**EXERCISE DATA**
++++++++++

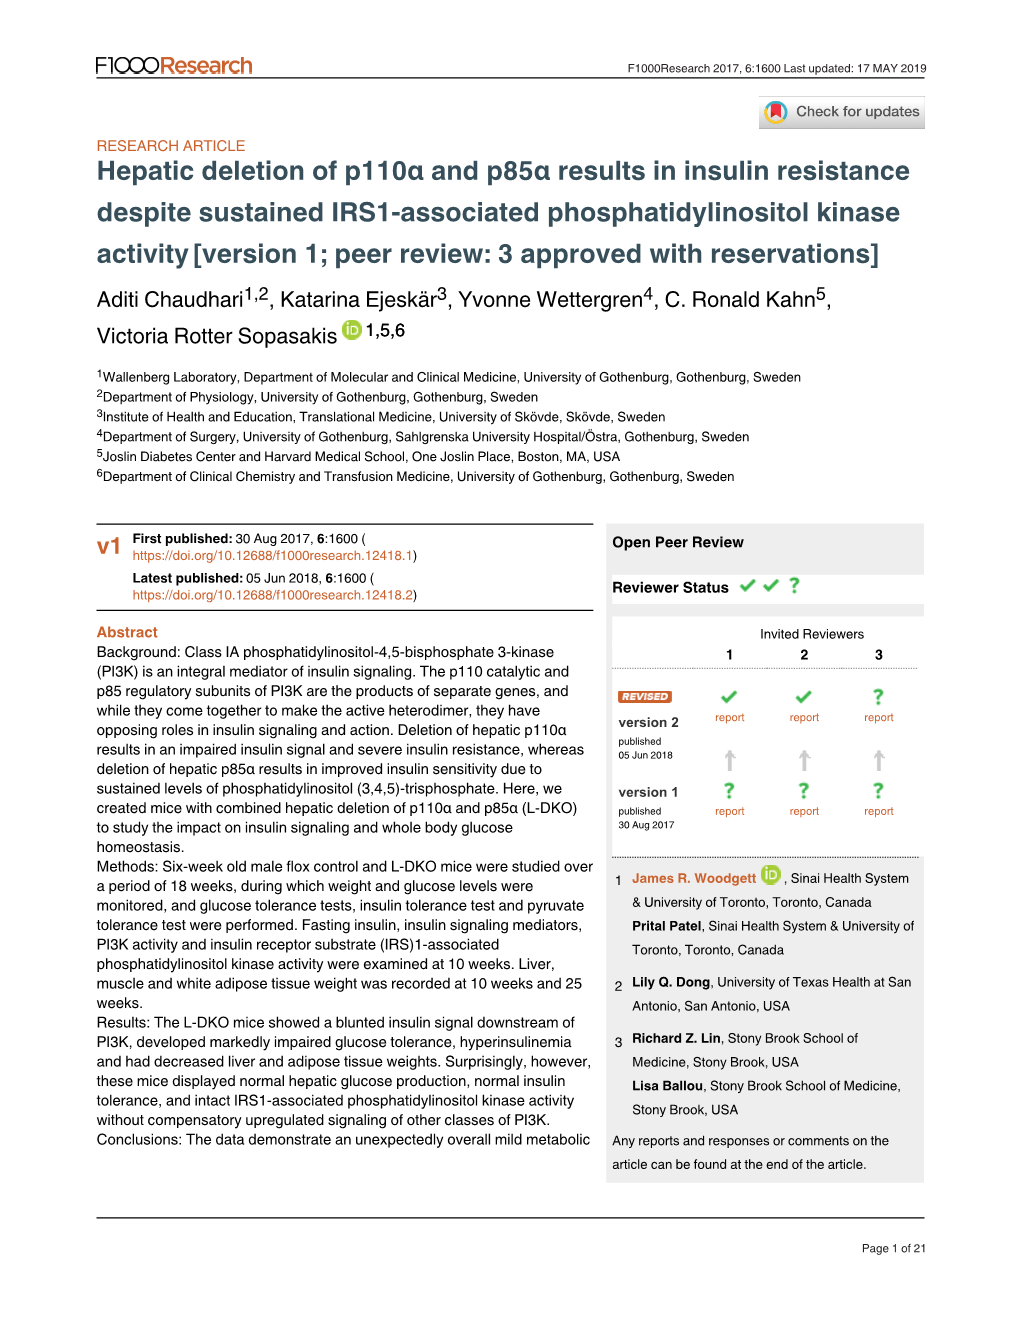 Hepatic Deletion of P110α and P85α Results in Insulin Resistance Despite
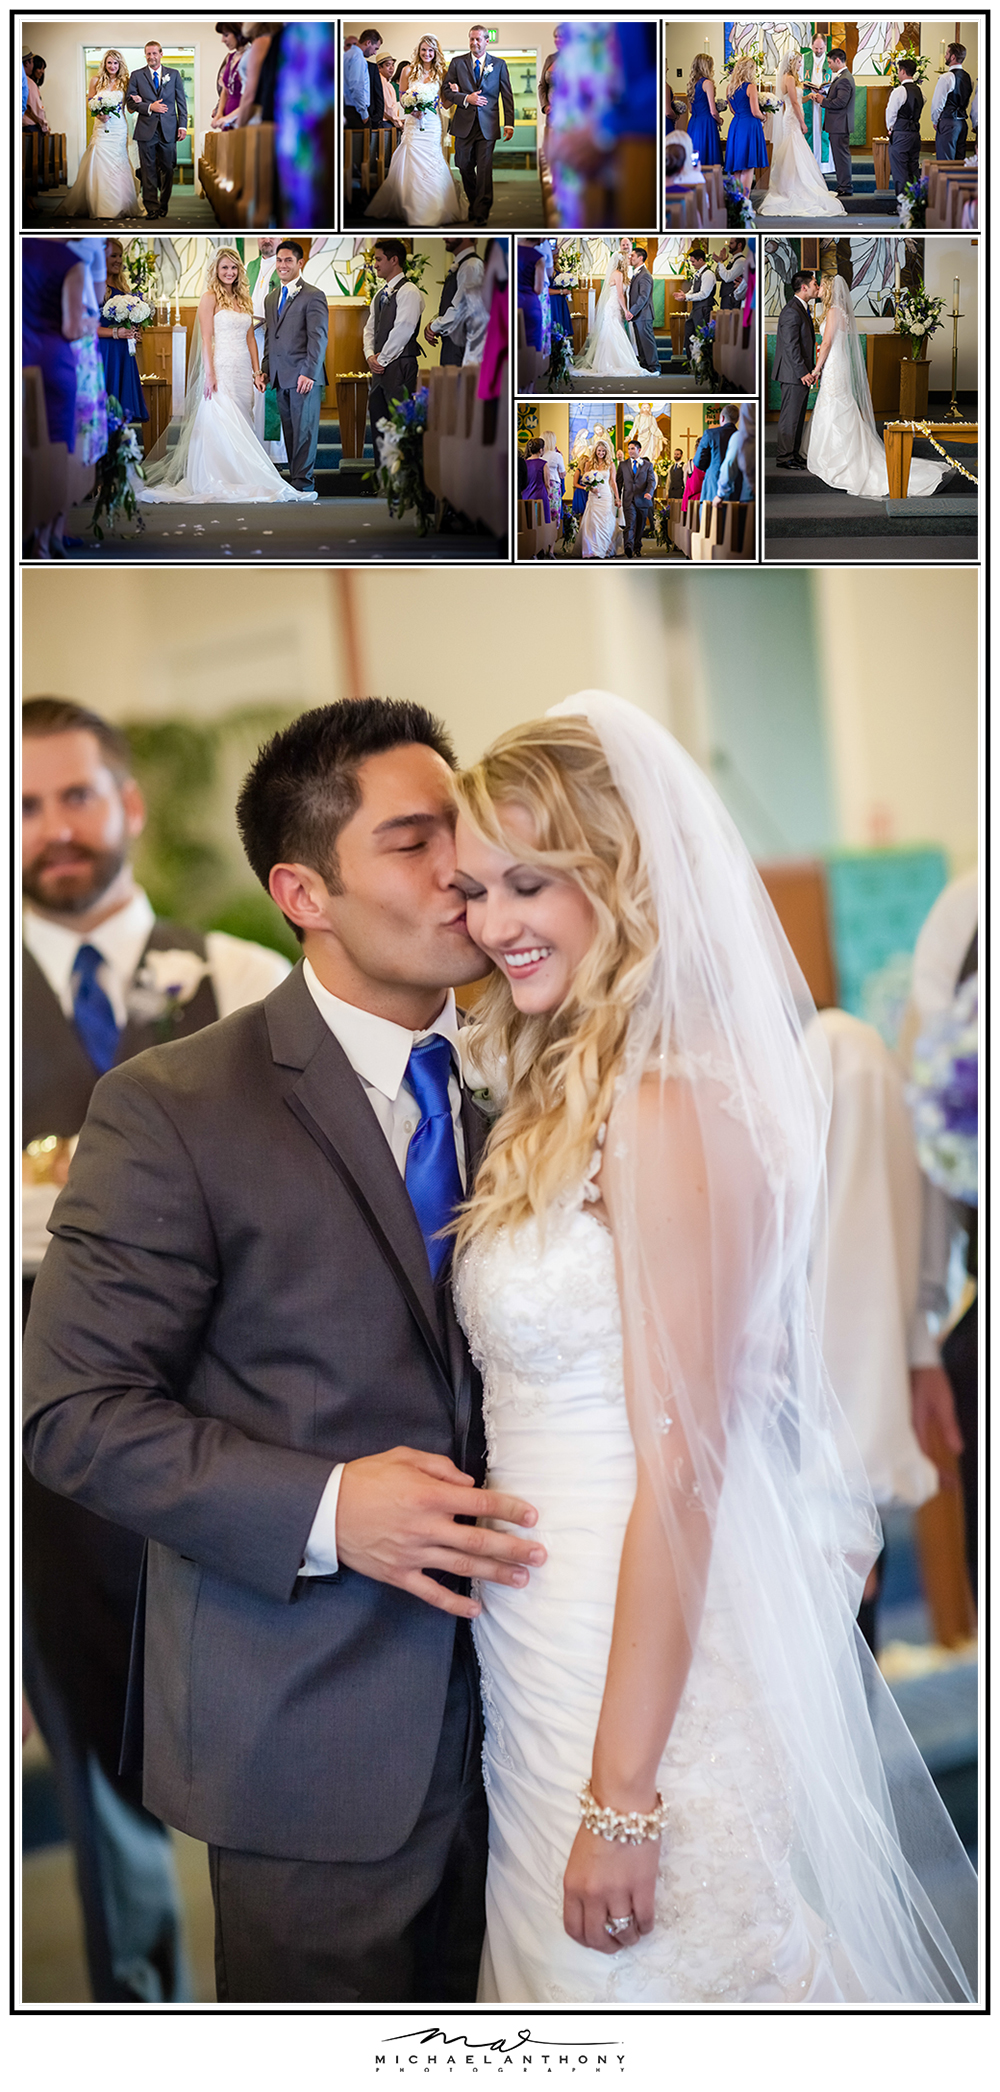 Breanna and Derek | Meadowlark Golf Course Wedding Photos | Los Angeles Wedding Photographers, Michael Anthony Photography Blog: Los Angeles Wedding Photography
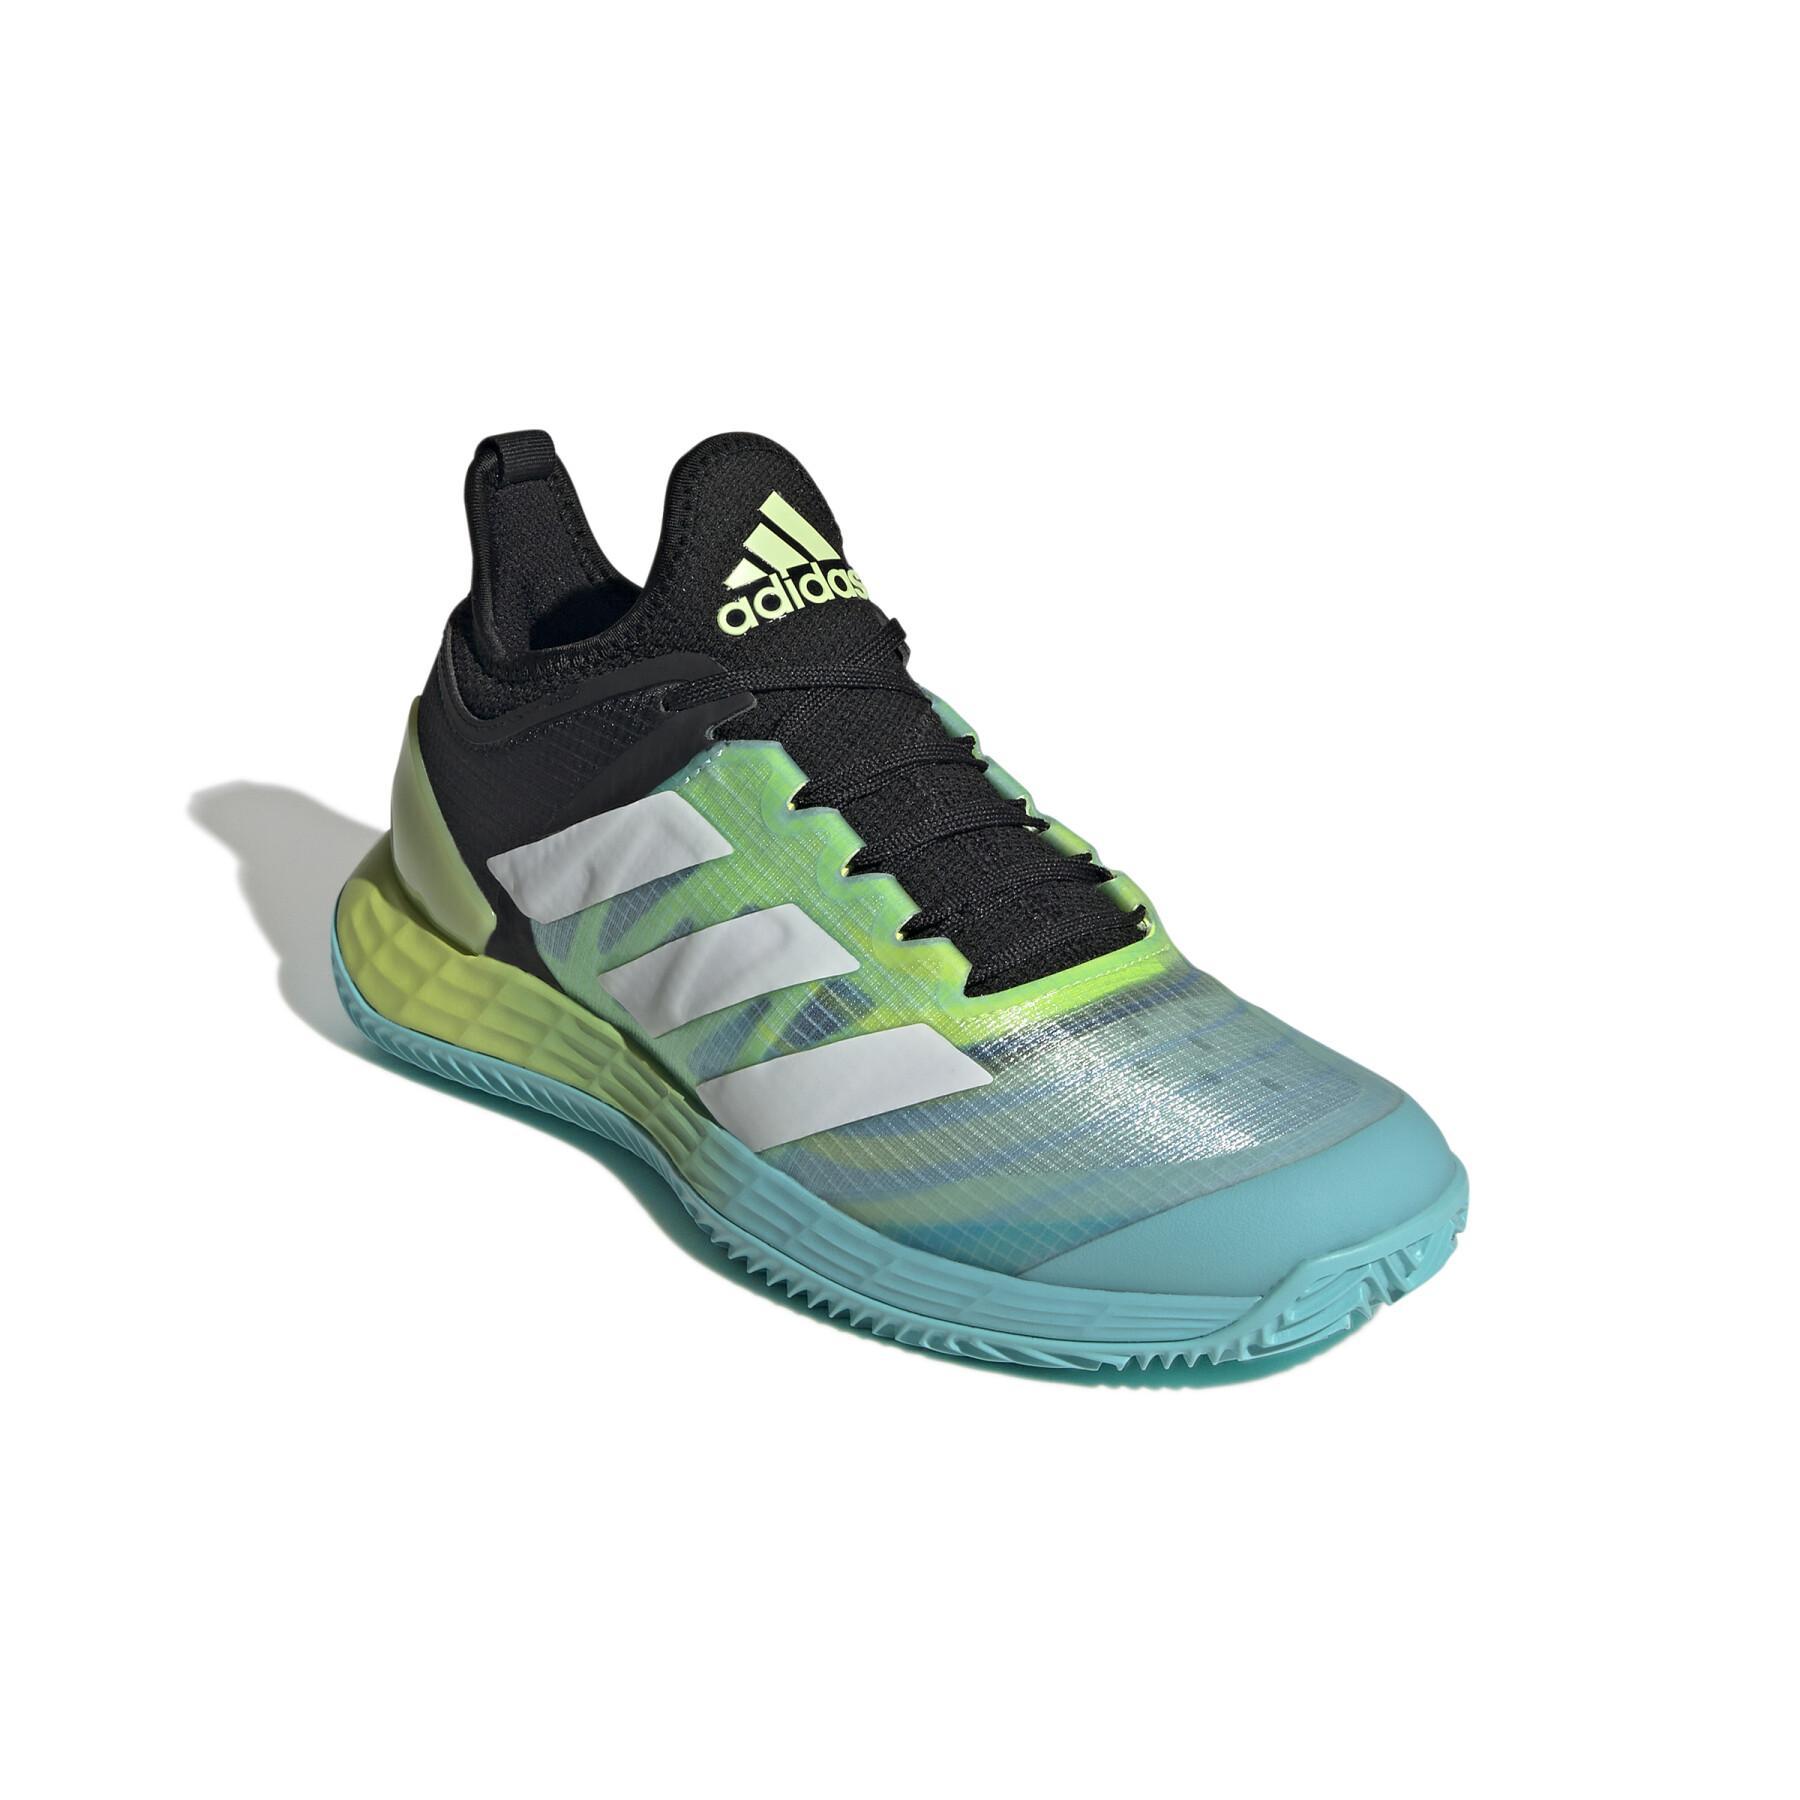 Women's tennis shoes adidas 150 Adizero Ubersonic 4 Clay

++++++++++

**DESCRIPTION OF THE TASK**
Set down again, exactly, the lines from the one with "Breanna and Derek" to the last line of the data, both included and pictures excluded.

**THE COMPLETED TASK**
 Breanna and Derek | Meadowlark Golf Course Wedding Photos | Los Angeles Wedding Photographers, Michael Anthony Photography Blog: Los Angeles Wedding Photography
 Women's tennis shoes adidas 150 Adizero Ubersonic 4 Clay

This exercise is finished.